Иногда, особенно когда в небесном океане устанавливается хорошая погода, а небо прозрачно, как хрусталь, я люблю вспоминать прошлое. Времена, когда офицеры еще носили сабли и пышные бороды, пушки стреляли огромными ядрами, а навигационный курс высчитывался по архаичным бумажным картам. Да, пожалуй, я скучаю по тем временам. Но досаднее всего мне из-за того, что вместе с Розой Ветров в прошлое отошли все те, кто веками олицетворял ее силу — мужественные капитаны, лихие адмиралы, грозные пираты. Нынешние люди кажутся мне куда более спокойными и рассудительными, чем их предки, они уже не норовят схватить за бороду незнакомый ветер, чтоб ринуться в неизвестном направлении и обрести погибель или славу. Они используют трезвый расчет и холодный разум, а если и пускаются в погоню, так только тогда, когда четко видят выгоду. У меня нет права судить их за это, ведь я сам — реликт давно прошедших времен, живой анахронизм, обреченный наблюдать за происходящим со стороны.
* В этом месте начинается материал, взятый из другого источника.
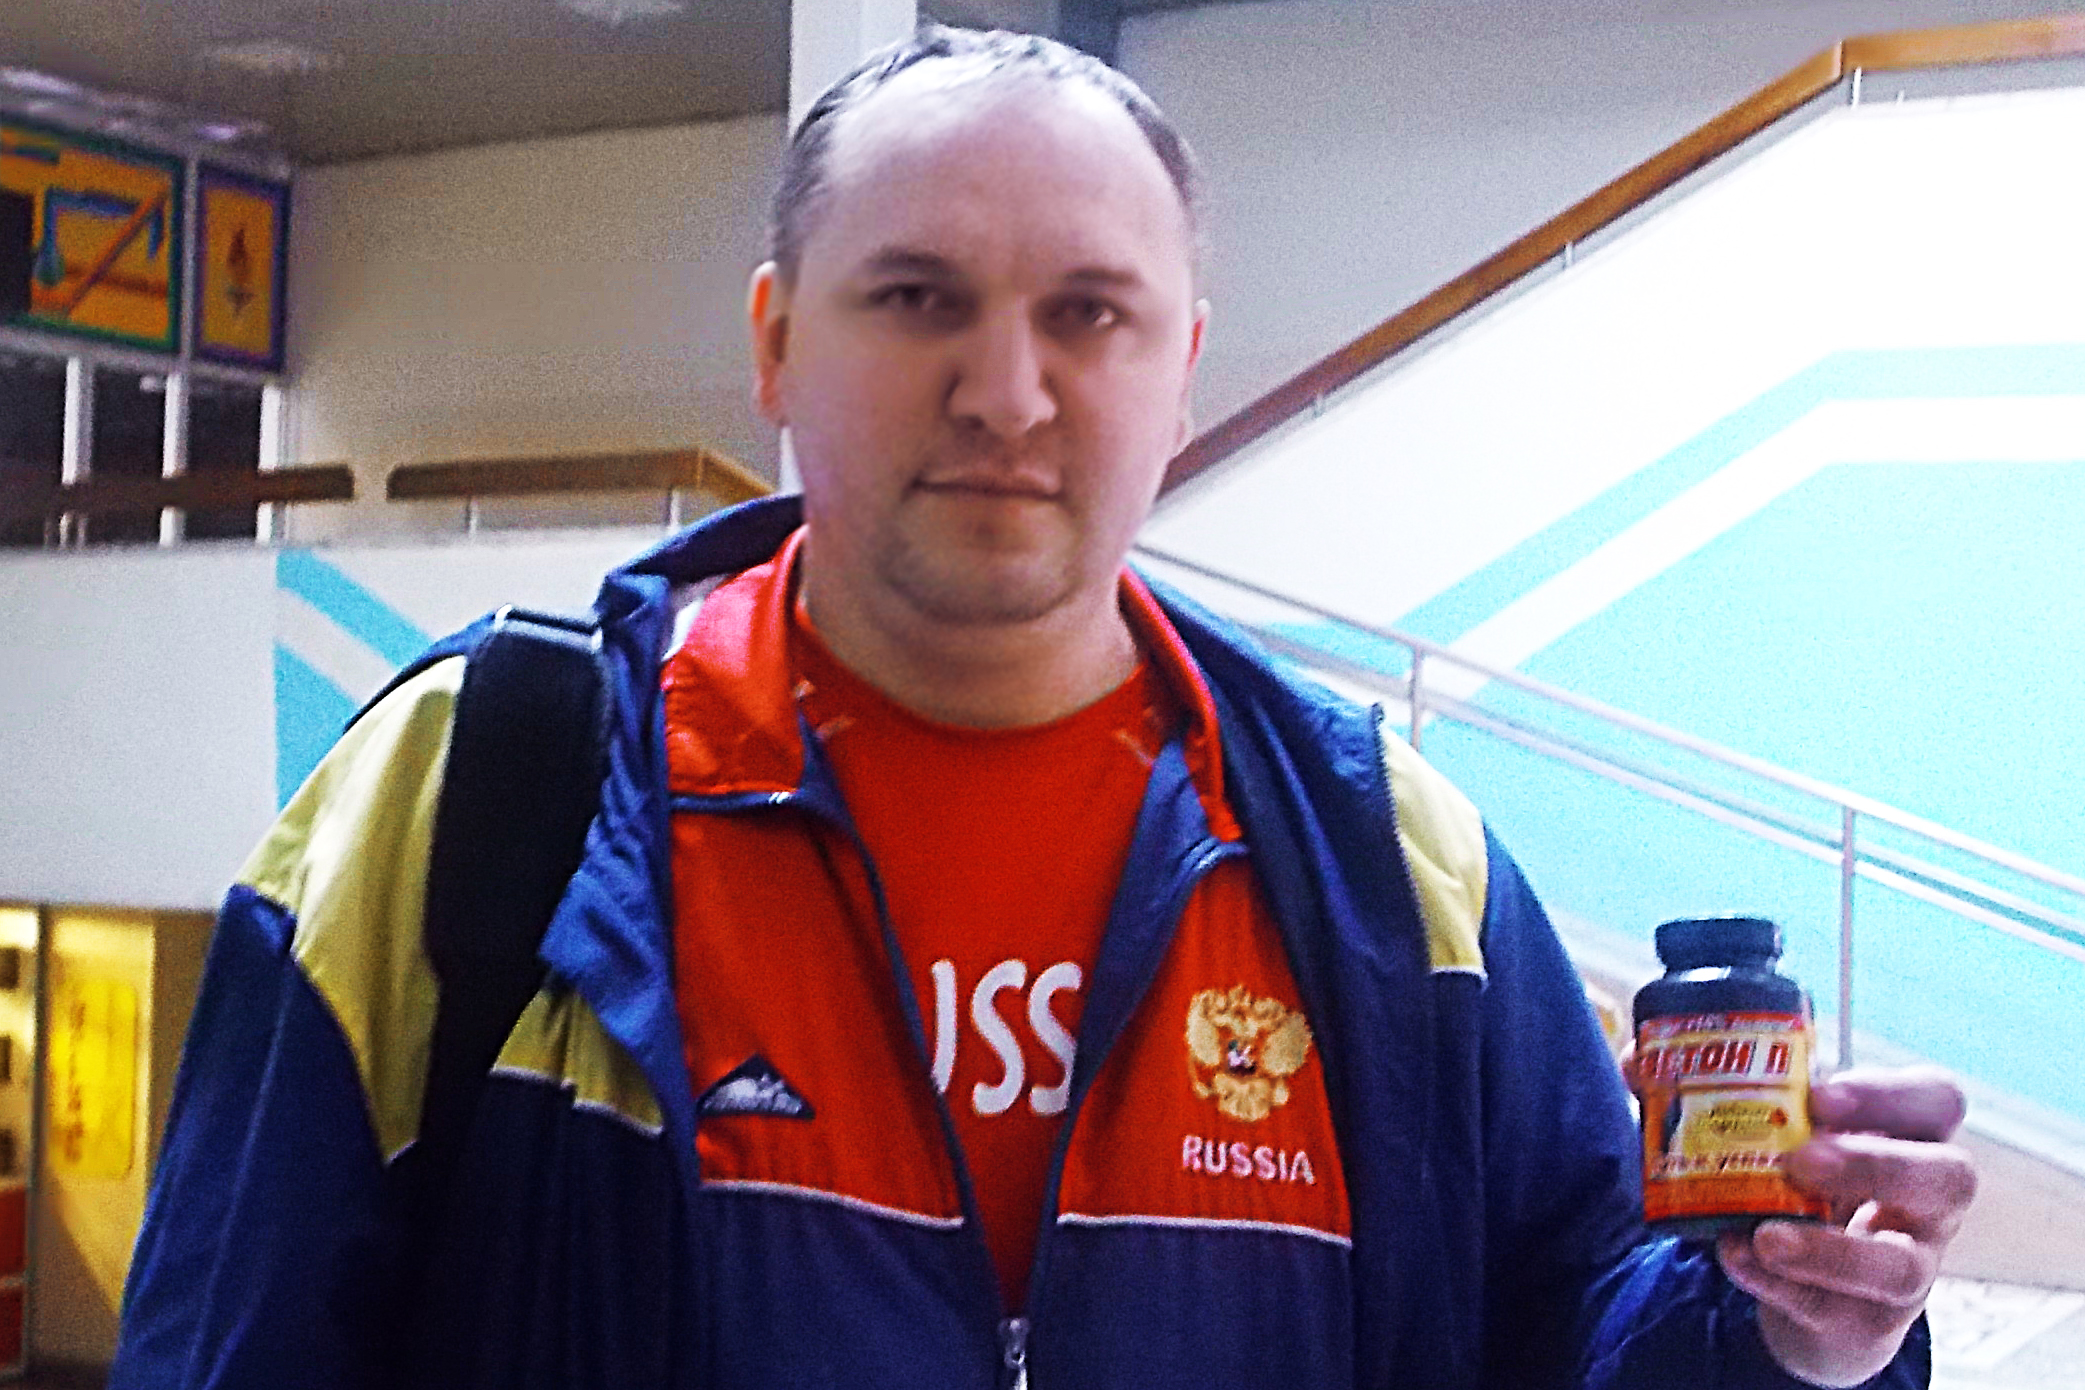 Москвин Михаил тренер по боксу Пенза

Простите, я делаюсь многословным — еще один грех, позаимствованный мной из огромной сокровищницы человеческих грехов. Наверно, мне надо рассказать про Паточную Банду, вместо того, чтоб предаваться стариковским воспоминаниям, но это будет тяжелее всего. Паточная Банда распалась, как распались все пиратские банды, оказавшиеся без средств к существованию и выкинутые на задворки нового, предсказанного мистером Роузберри, мира. Нынешние грузовые корабли перевозят лишь всякий хлам, все ценное давным-давно переносится в магическом эфире специальными гомункулами — ведь даже золото уже утратило свою первоначальную ценность, ему на замену пришли наборы цифр, которые быстрее любого ветра скользят меж островами, ловить их так же бесполезно, как ловить сквозняк голыми руками.

Неудивительно, что пираты долго не протянули. Подобно доисторическим рыбам, которые не дожили до наших дней, они лишились наживы и оказались съедены более проворными биологическими видами. Порт-Адамс все еще мозолит глаза случайным небоходам, но пиратов на нем давно уже нет, как нет известных пиратских рынков и шумных кабаков — просто еще один кусок безжизненной скалы, висящий в небе, на который никто не спешит заявить права.
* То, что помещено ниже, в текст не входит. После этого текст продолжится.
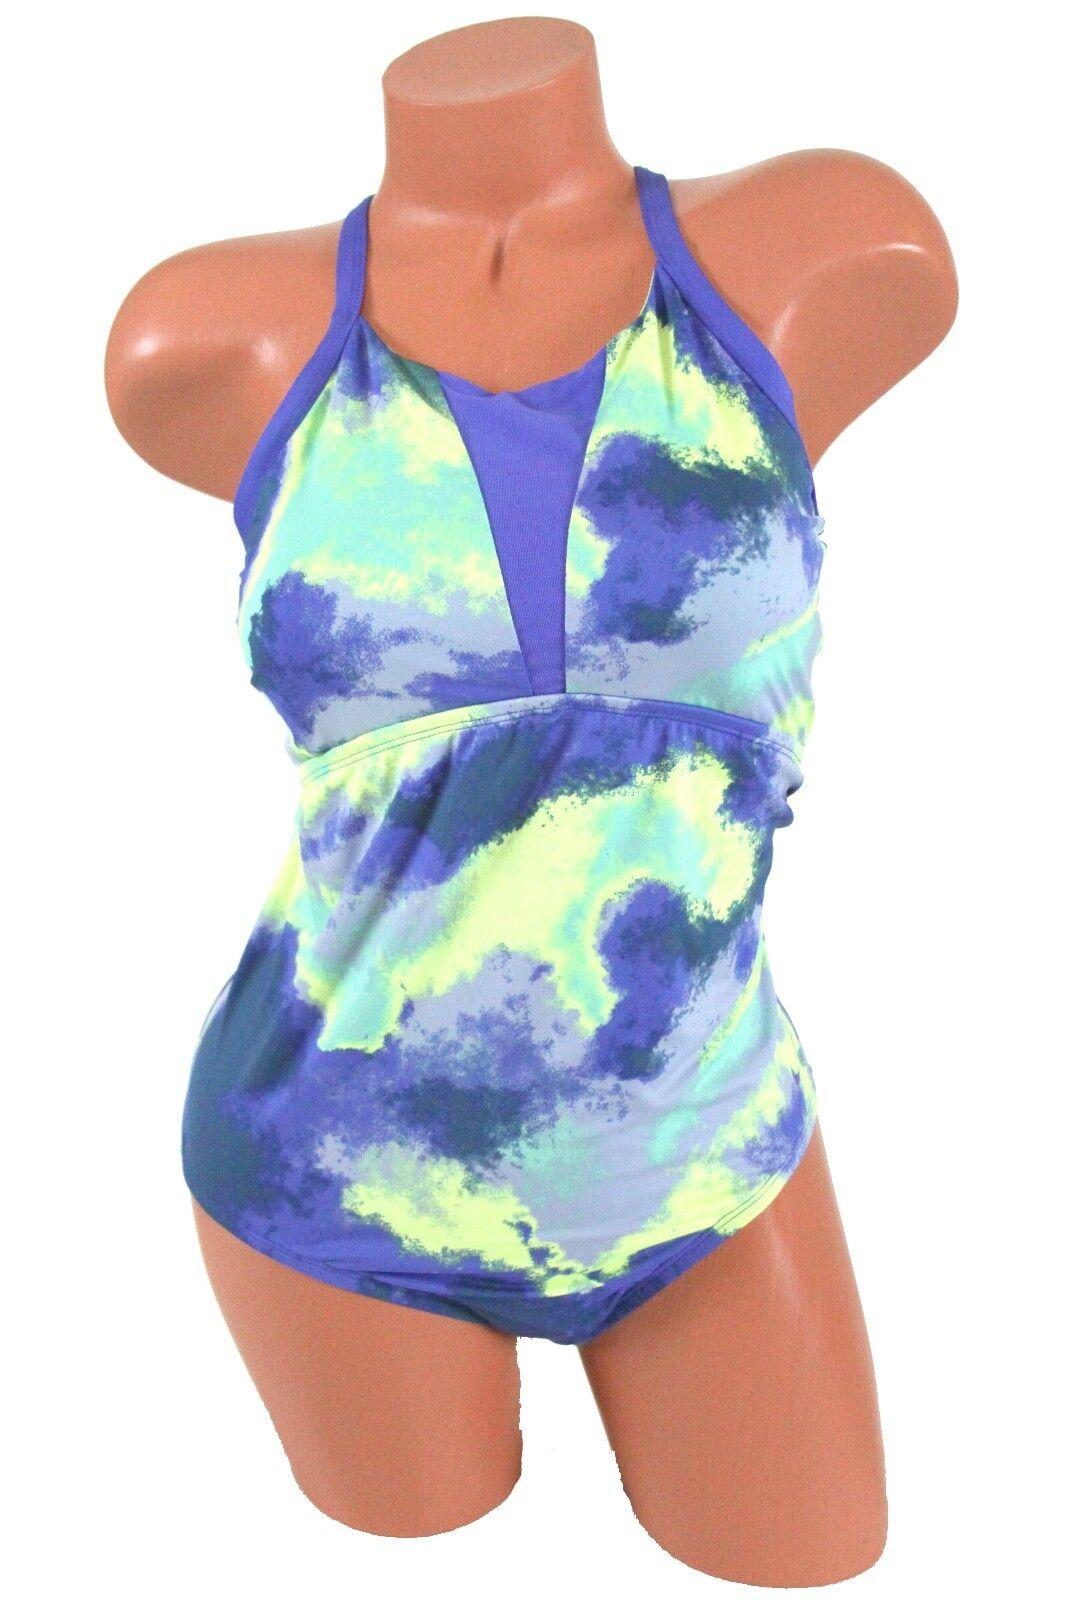 581c42d6e3e Buy Nike Active Cascade High Neck Racerback Blue One Piece Swimsuit ...

Паточная Банда пропала — как пропали многие вещи той эпохи. Но я буду скверным рассказчиком, если позволю себе замолчать судьбу ее участников, тем более, что это не самая печальная часть повествования. Некоторые ветра, которые связывали нас воедино, рассеялись, другие же оказались удивительно крепки, так что даже я иной раз хмыкаю, когда в отголосках перехватываемых в магическом эфире разговоров невольно нахожу посвященные моим бывшим спутникам крохи информации.

Легкомысленный повеса Габерон, кажется, немного остепенился. Никогда бы в это не поверил, кабы не веские доказательства. Должно быть, к этому его обязывает социальное положение — как ни крути, он теперь барон фон Шмайлензингер, а это что-то да значит даже в нашем мире, где титулы уже не пользуются былым уважением. Насколько я знаю, они со Шму живут в своем родовом гнезде, растя четырех прелестных отпрысков. И, ради всех нас и Розы Ветров, я искренне надеюсь, что они впитали в себя больше материнских черт, чем отцовских…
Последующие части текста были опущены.